● **Provided records**
>>>>
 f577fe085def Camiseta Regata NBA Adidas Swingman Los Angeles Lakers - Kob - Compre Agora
<<<<
>>>>
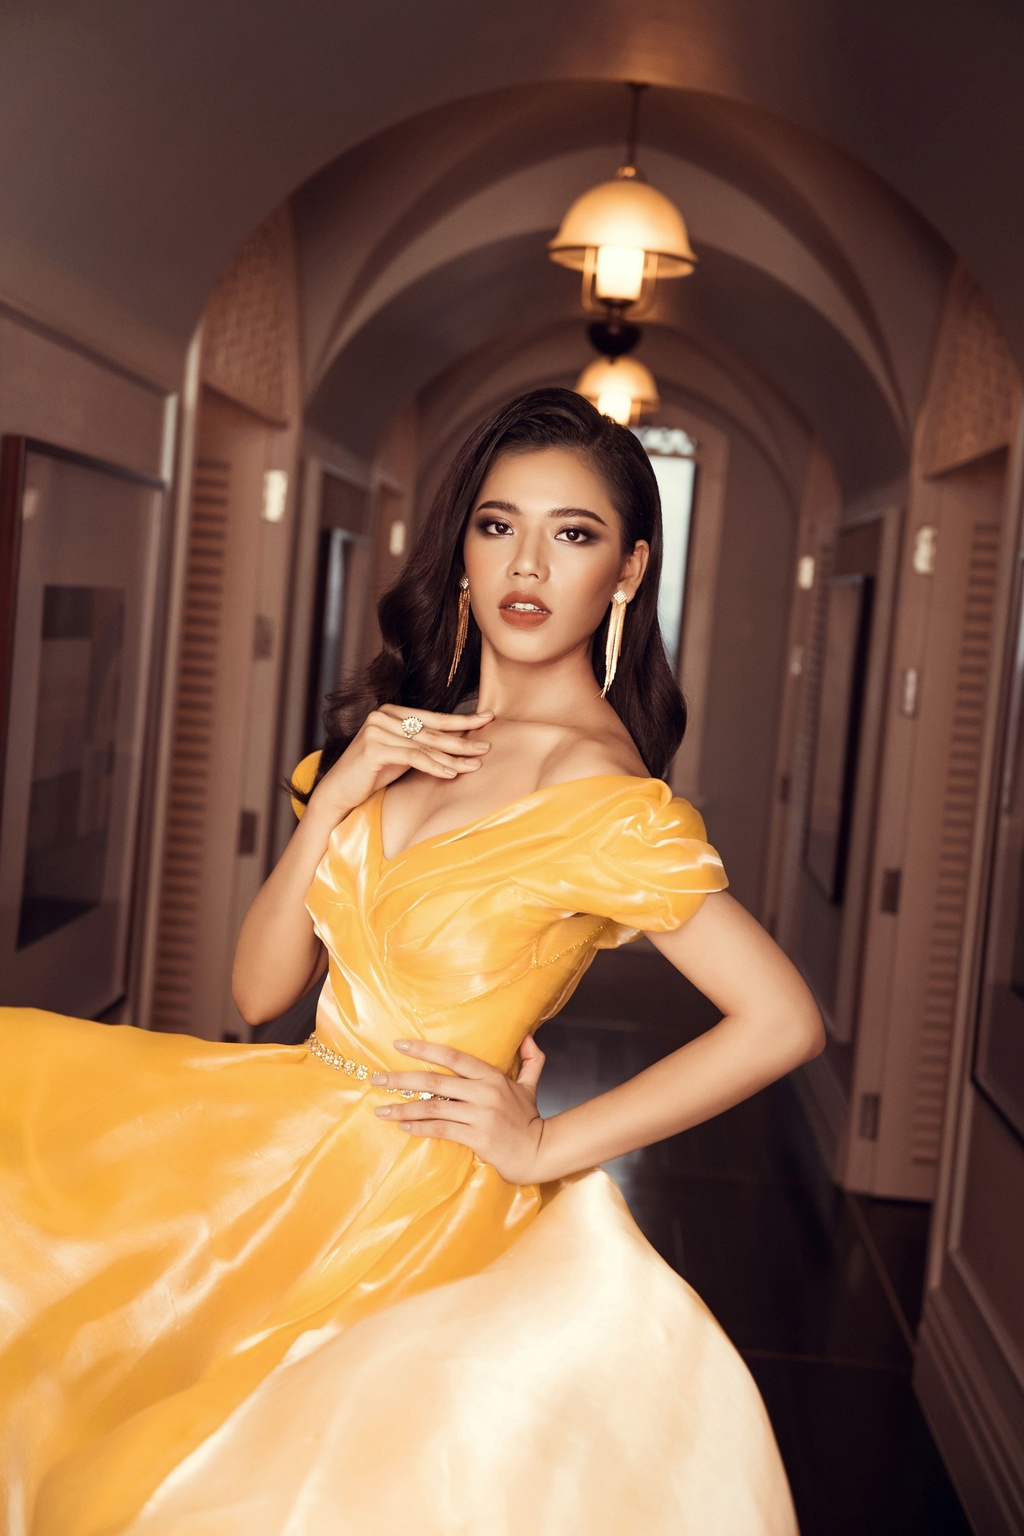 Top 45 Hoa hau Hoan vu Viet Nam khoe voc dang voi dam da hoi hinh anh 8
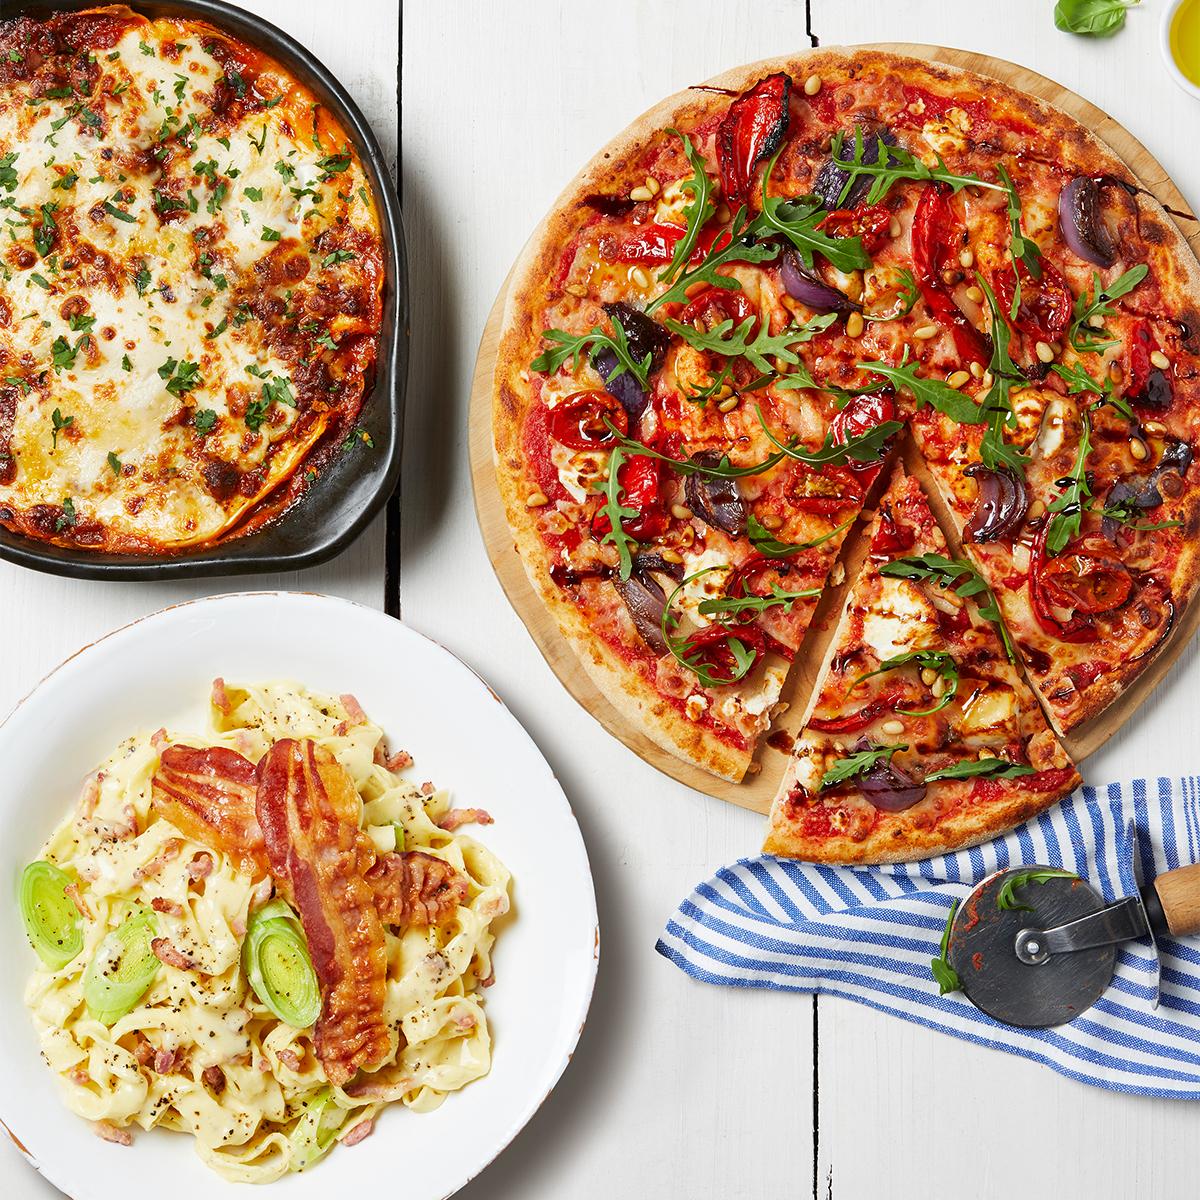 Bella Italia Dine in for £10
<<<<
>>>>
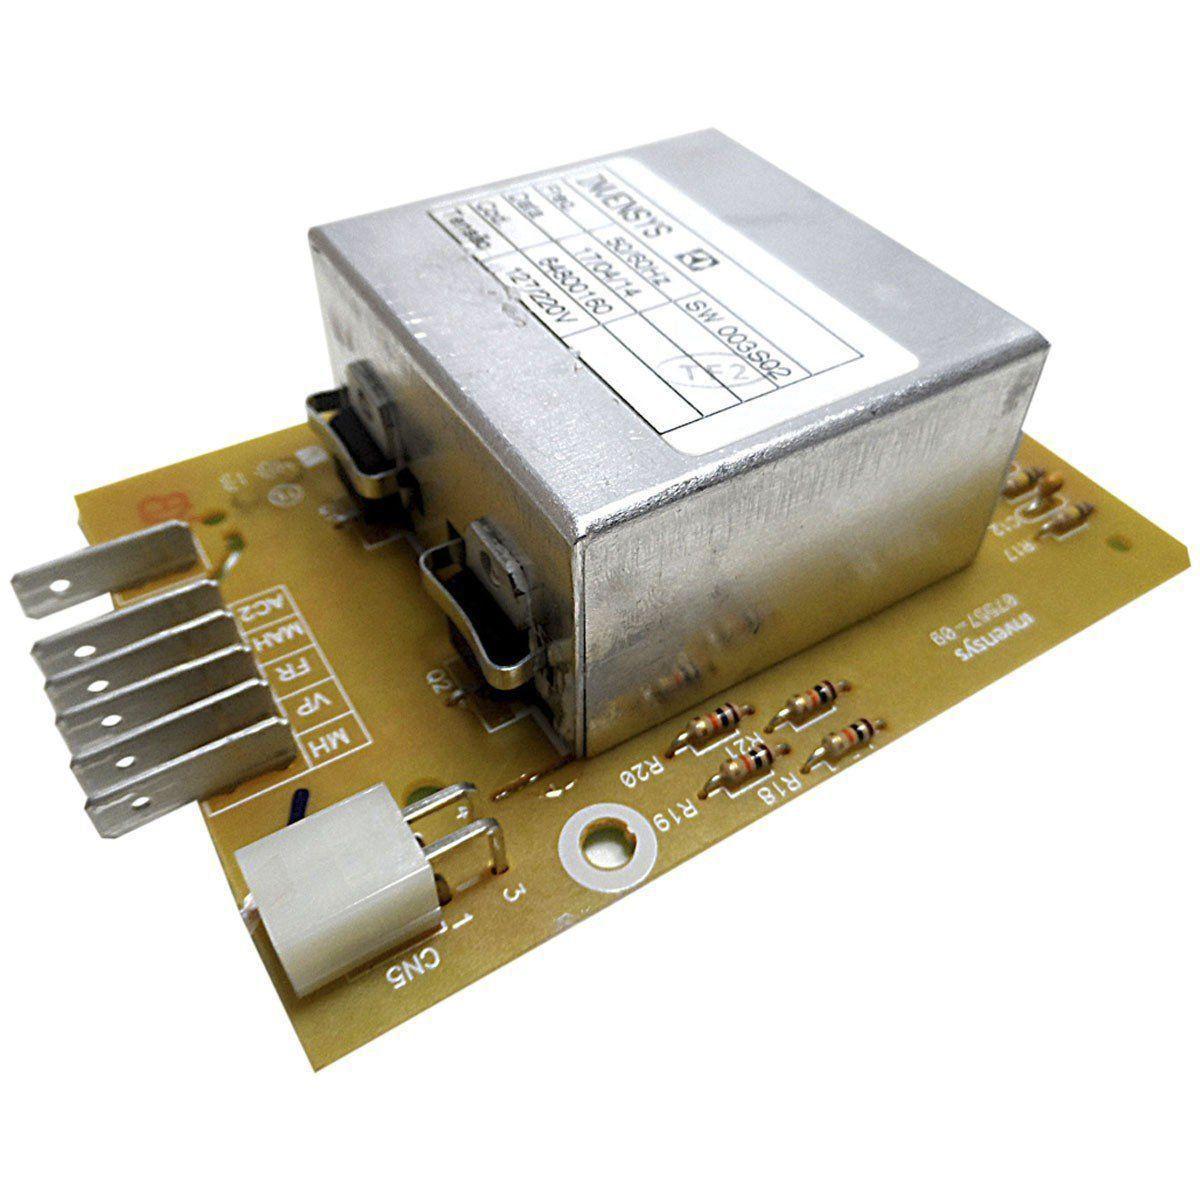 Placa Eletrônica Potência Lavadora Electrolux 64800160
<<<<
Pictures excluded, transcribe the listing above exactly from the line with "Top 45 Hoa hau" through the line with "Bella Italia Dine in for £10", and no further.

 Top 45 Hoa hau Hoan vu Viet Nam khoe voc dang voi dam da hoi hinh anh 8
 Bella Italia Dine in for £10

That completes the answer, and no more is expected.